Initial data from new 988 hotline may point to progress in reaching at-risk Georgians
Georgia’s 988 mental health crisis hotline took in almost 38,000 calls, text and chat messages in its first 45 days of operation. And while the line’s demographics data are preliminary, state health officials say the numbers are promising.
“The way people are using this three-digit dial may be making it possible for people who have been traditionally underserved to seek support more readily,” said Judy Fitzgerald, Commissioner of the Georgia Department of Behavioral Health and Developmental Disabilities. “We do have early evidence that people we know need help who have been traditionally underserved are finding their way to support through this 988 line.”
The national crisis hotline launched in July. It’s designed to answer calls, texts and chat messages from people experiencing a mental health or addiction crisis within seconds, and refer callers to phone or nearby in-person counseling or other inpatient or outpatient services they may need.
Callers are first triaged by phone and then routed into a queue answered by a master’s level behavioral health professionals supervised by a licensed professional.

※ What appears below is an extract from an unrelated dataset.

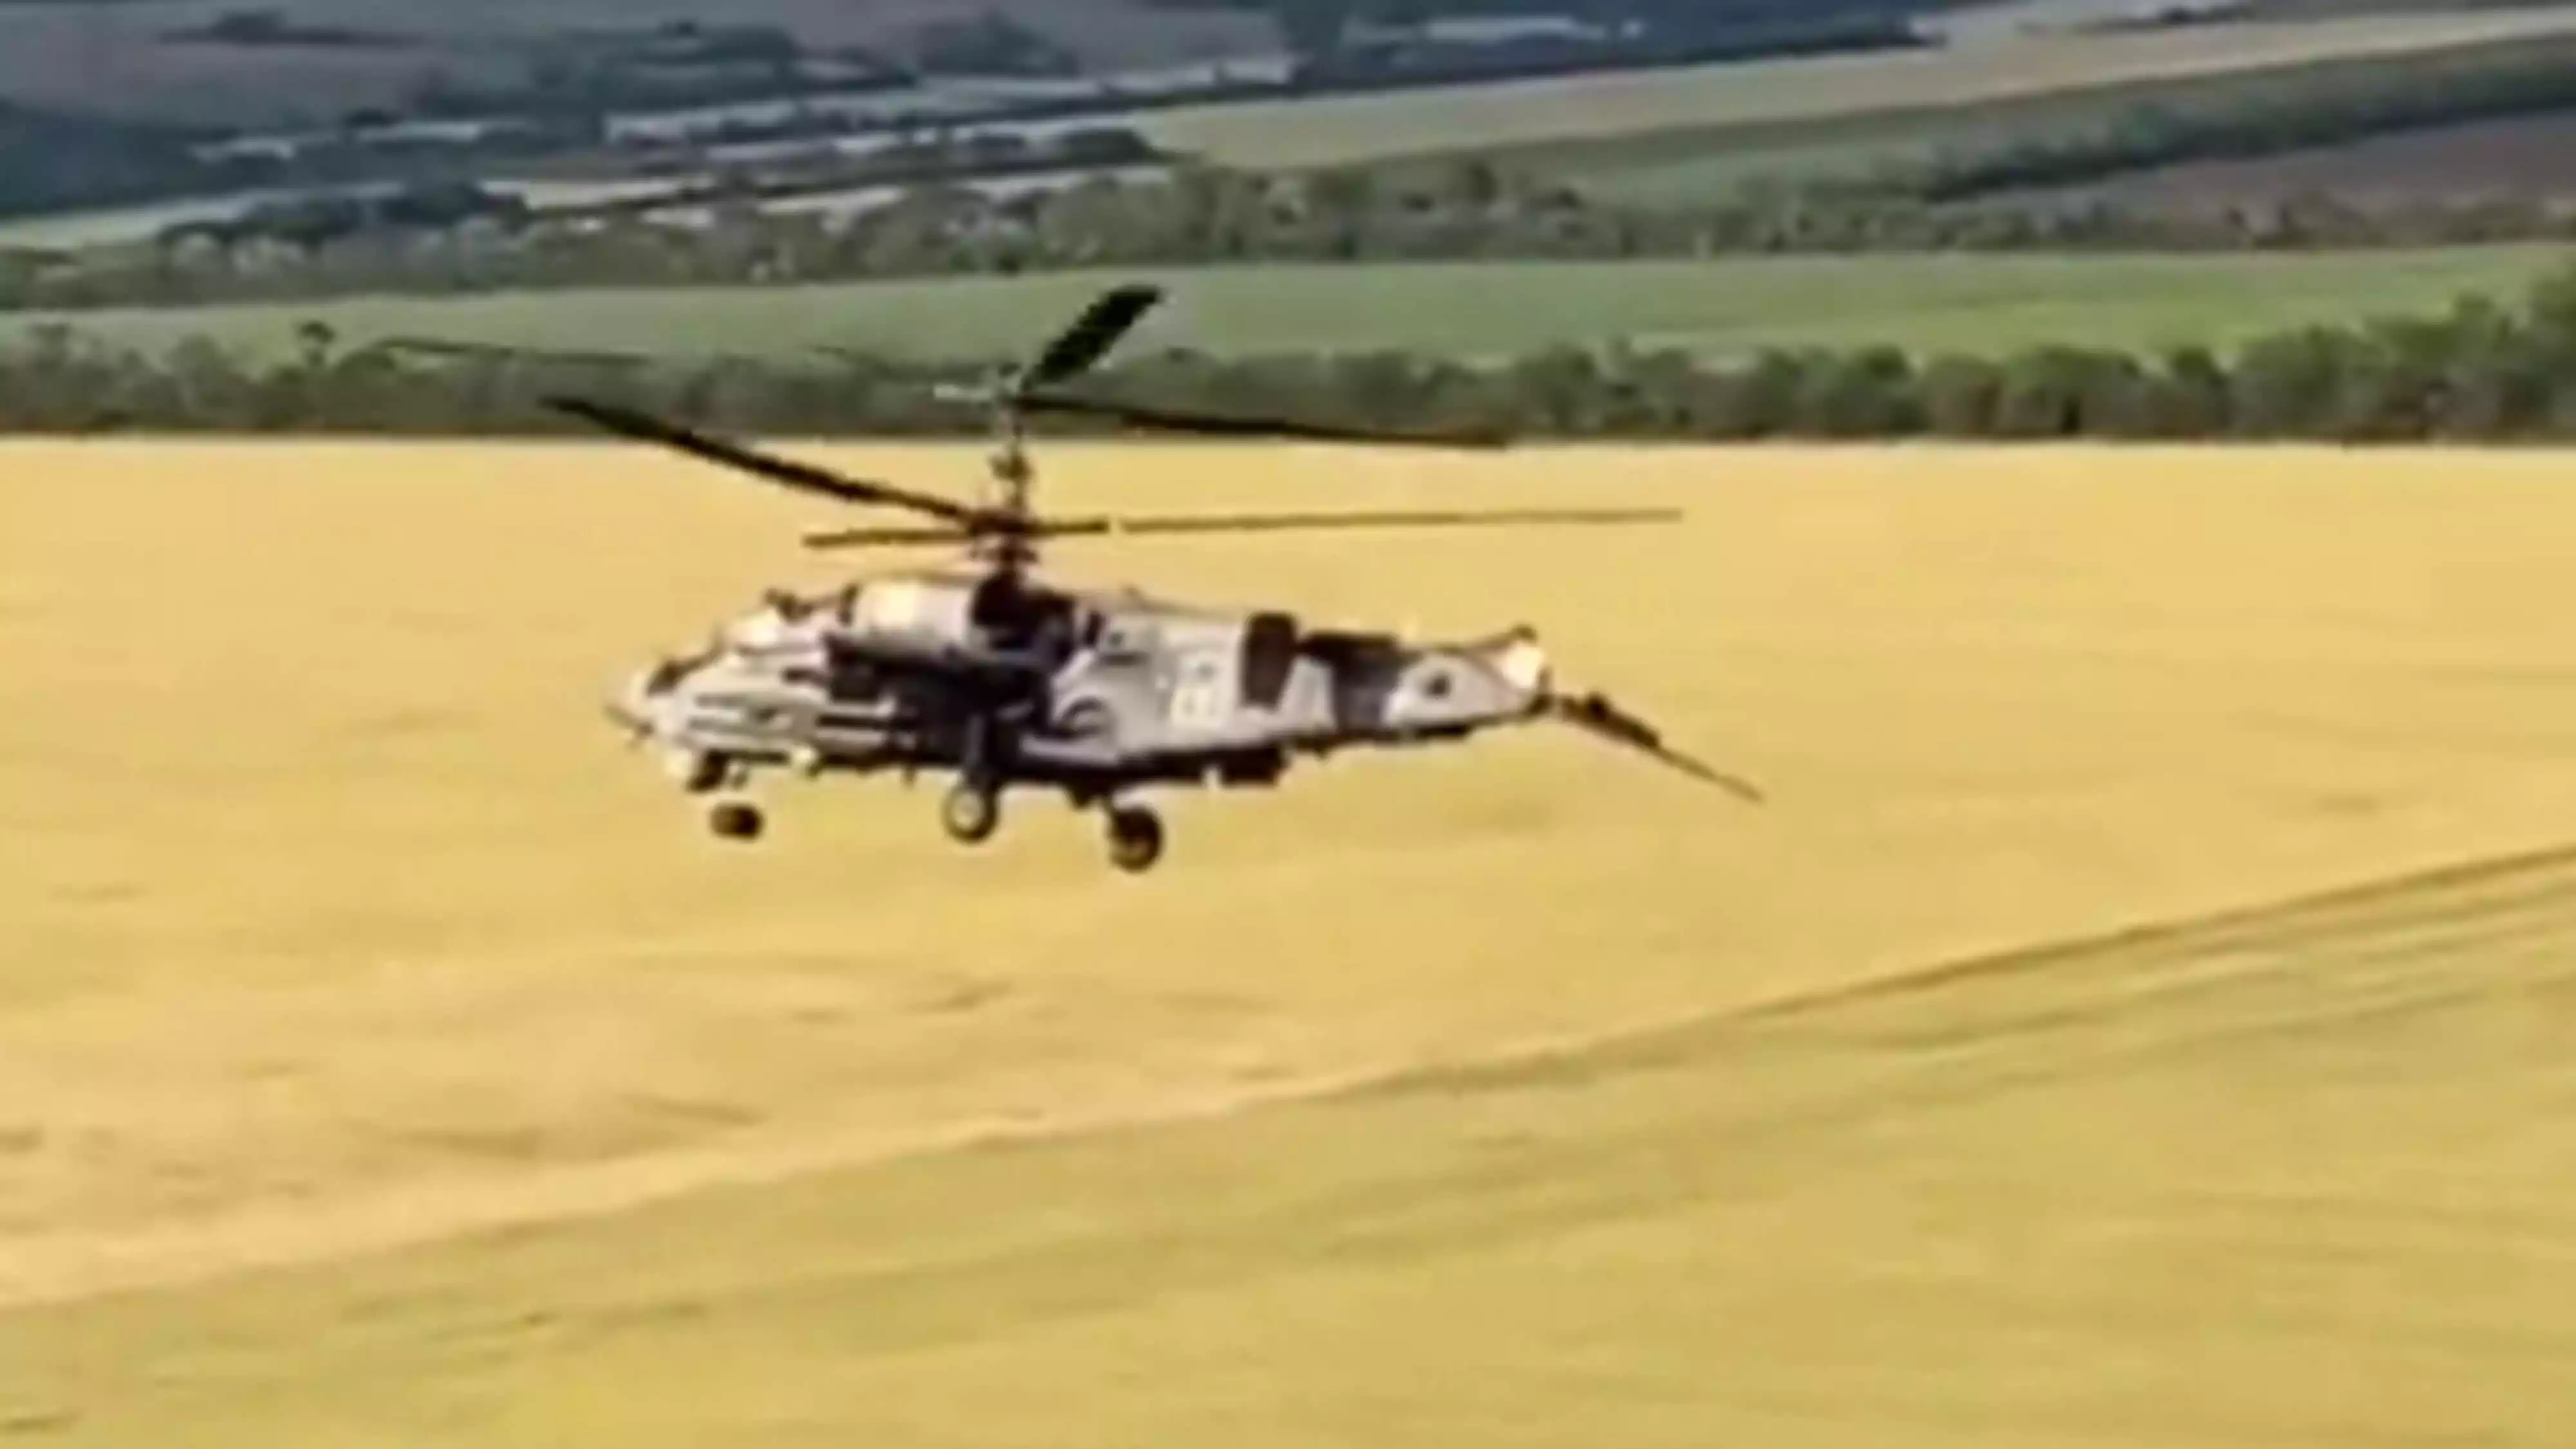 Un hélicoptère russe largue ses réservoirs et perd son empennage

As the line prepared to launch, some mental health advocates worried Georgia’s acute shortage of mental health providers in some areas of the state would hamper the line’s effectiveness.
“The challenge isn’t the phone call. The challenge is in obtaining necessary care for the reason the caller made the phone call,” said Roland Behm from the Georgia Chapter of the American Foundation for Suicide Prevention.
“Access to behavioral health resources will continue to be a chronic challenge in Georgia, one that is addressed — in time and in part — by the Georgia Mental Health Parity Act (HB 1013), which went into effect on July 1,” he said.
A Department of Behavioral Health and Developmental Disabilities analysis of initial 988 call data found a high prevalence of calls coming from Georgia’s rural counties.
“This data is preliminary, we will continue to look at it. But for the first 30 days there were more cases in south rural Georgia than other parts of the state,” Office of Crisis Coordination Director Dawn Peel said, noting there was an 8% rise in deaths by suicide in rural areas in 2020.
During the same initial rollout period, 988 also saw more calls from Black Georgians than whites. Just under 10% of crisis episodes involved young people under age 18.
Department of Behavioral Health and Developmental Disabilities officials say the agency is still working to make sure 988 is fully accessible to non-native English speakers.
The phone line currently offers services in English and Spanish, and uses a translation service for more than 250 additional languages.
988 text and chat lines are currently available only in English. Officials say SAMHSA plans to roll out these messaging services in other languages soon.
In the first 45 days of Georgia’s 988 system, the crisis line received 476 calls from people whose lives were believed to be in danger. These calls resulted in an active rescue involving police or other 911 first responders.
But the data show a third of calls to the crisis line are resolved during the initial call.
Roughly a quarter require a mobile crisis unit or other in-person response. Another 46% of callers need a transfer to inpatient or other crisis care.
“If someone called our crisis center and they were in an immediate risk of of harm either to themselves or someone else, and 911 would have to be dispatched,” said Monica Johnson, director for the Division of Behavioral Health at Behavioral Health and Developmental Disabilities. “our crisis center can make that connection with our 911 partners.”
988 suicide prevention and mental health crisis hotline calls, texts and chats in Georgia are answered by trained Georgia Crisis and Access Line operators 24-hours a day, 7-days a week, 365-days a year.